// about

aiexplorer.dev

No corporate framing. Just a builder testing things and publishing results honestly.

What I do

By day, I am an Associate Director and Principal Architect focused on building the Agentic Enterprise. I solve the problem of integrating modern AI into rigid, legacy core systems in highly regulated industries. I design enterprise-grade AI platforms, high-throughput data pipelines (specializing in Google Cloud's Vertex AI and AWS), and the deterministic API ecosystems required to make multi-agent systems scale securely in production.

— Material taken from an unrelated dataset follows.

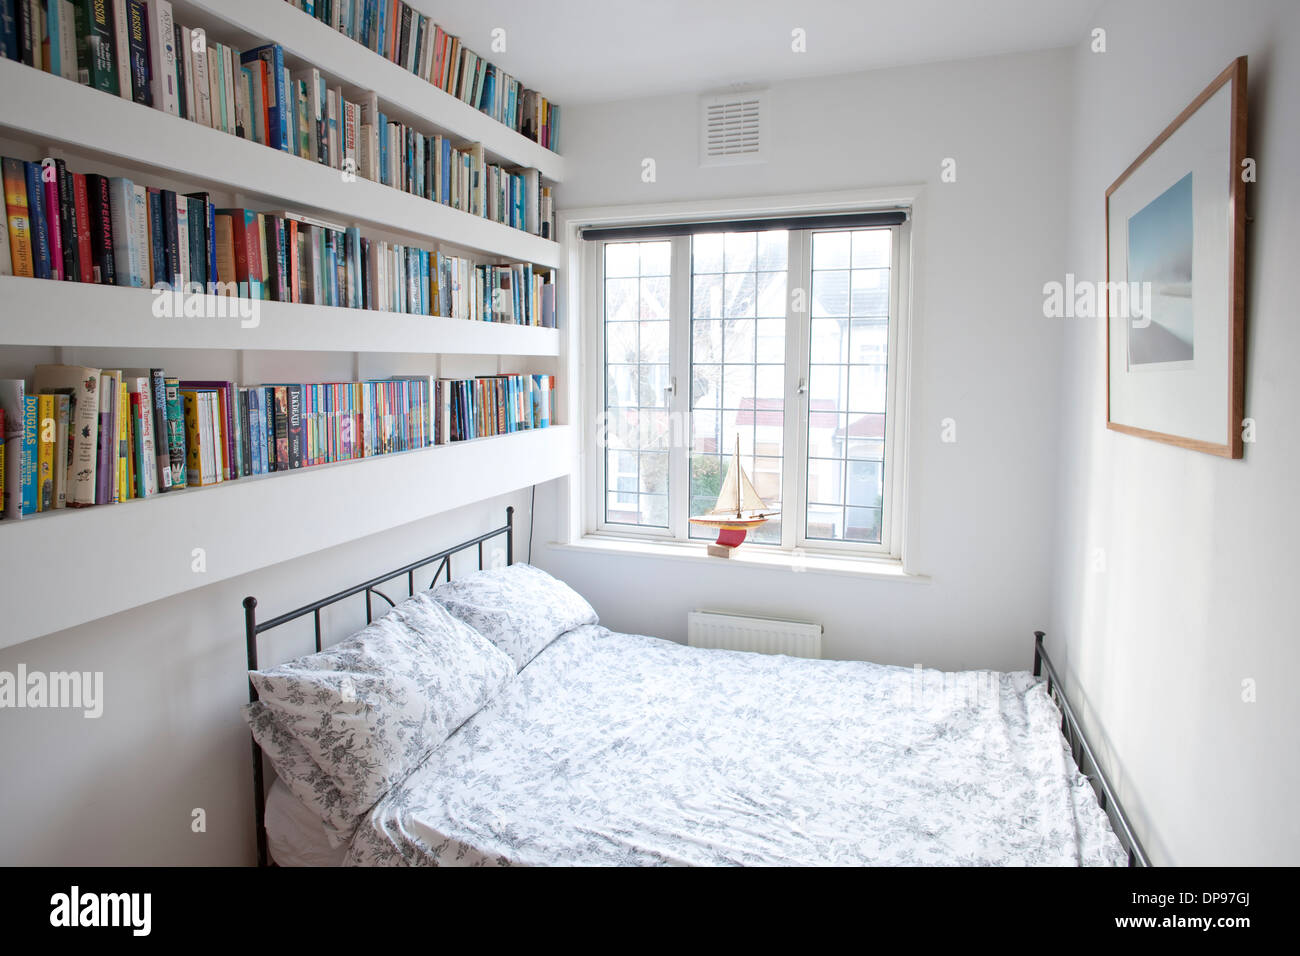 Schlafzimmer Innenraum mit Bücherregalen Stockfoto

On the weekends, I run empirical experiments on LLMs and SLMs — adversarial tests, benchmarks, and compliance experiments on open-source models to see where they actually break. I refer to published research papers and develop the code to replicate findings on smaller models, focusing on structured output failures, adversarial guardrails, context position bias, and compliance enforcement. Real benchmarks. Real limitations. No hype.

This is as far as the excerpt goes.